# Dave Matthews Band Tour 2010



## GuitarsCanada (Dec 30, 2005)

Kicking off a massive world tour in February but only one Canadian stop listed.

Tue 06/01/10 Toronto, ON The Molson Amphitheatre


----------



## Stratin2traynor (Sep 27, 2006)

DAMN! I would LOVE to see DMB Live. Hopefully he comes back to Vancouver someday.


----------



## vasthorizon (Aug 10, 2008)

Should I go? Decisions... Decisions...


----------



## Jeff Flowerday (Jan 23, 2006)

Stratin2traynor said:


> DAMN! I would LOVE to see DMB Live. Hopefully he comes back to Vancouver someday.


Why not take in the Gorge Amphitheatre show? Heck I'm thinking of making the road trip for it and I'm much further away.

Ben Harper is opening for him there.


----------



## Guest (Jan 28, 2010)

Red Rocks on the list? If you can pick any venue go to Red Rocks. It'll blow your mind.

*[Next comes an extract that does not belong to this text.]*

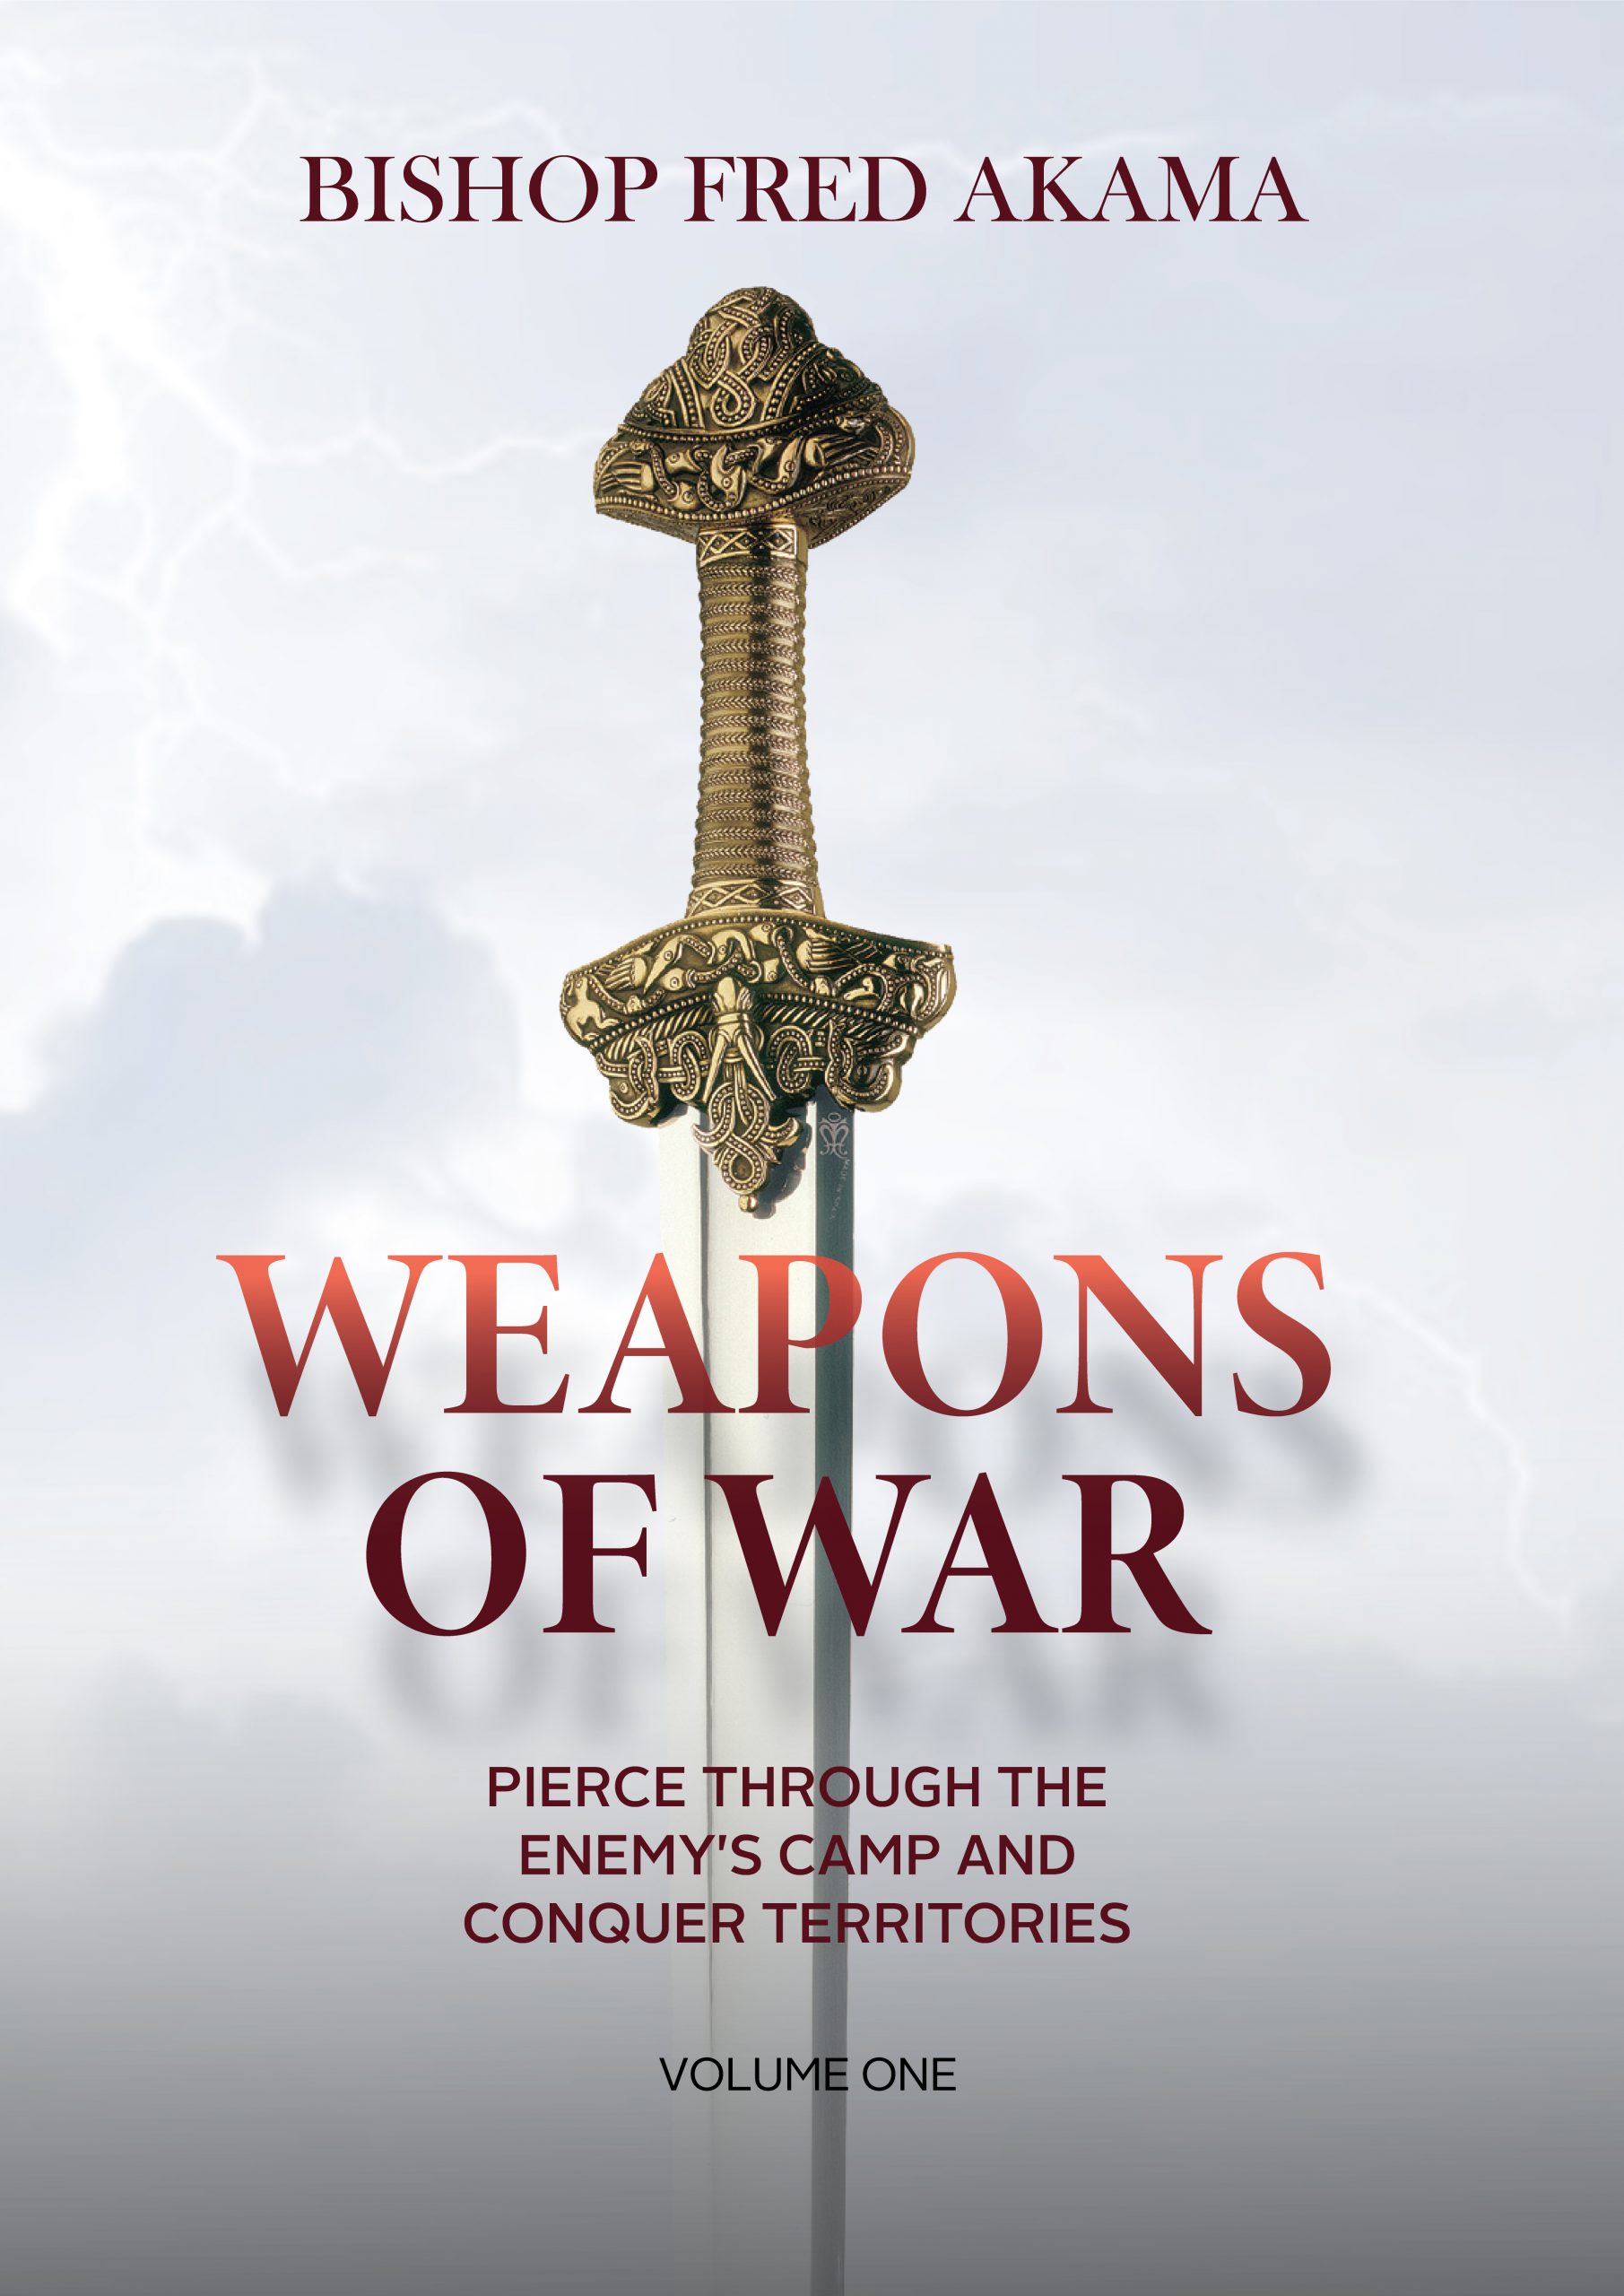 Weapons-of-war--for-print-front

I also really like DMB at SPAC in NY state. Saratoga is a great town, SPAC is an awesome venue and there's lots of camping around it.


----------



## Jeff Flowerday (Jan 23, 2006)

iaresee said:


> Red Rocks on the list? If you can pick any venue go to Red Rocks. It'll blow your mind.
> 
> I also really like DMB at SPAC in NY state. Saratoga is a great town, SPAC is an awesome venue and there's lots of camping around it.


No.

Red Rocks would have been a little longer road trip, but then you could also hit Wildwood Music. :banana:


----------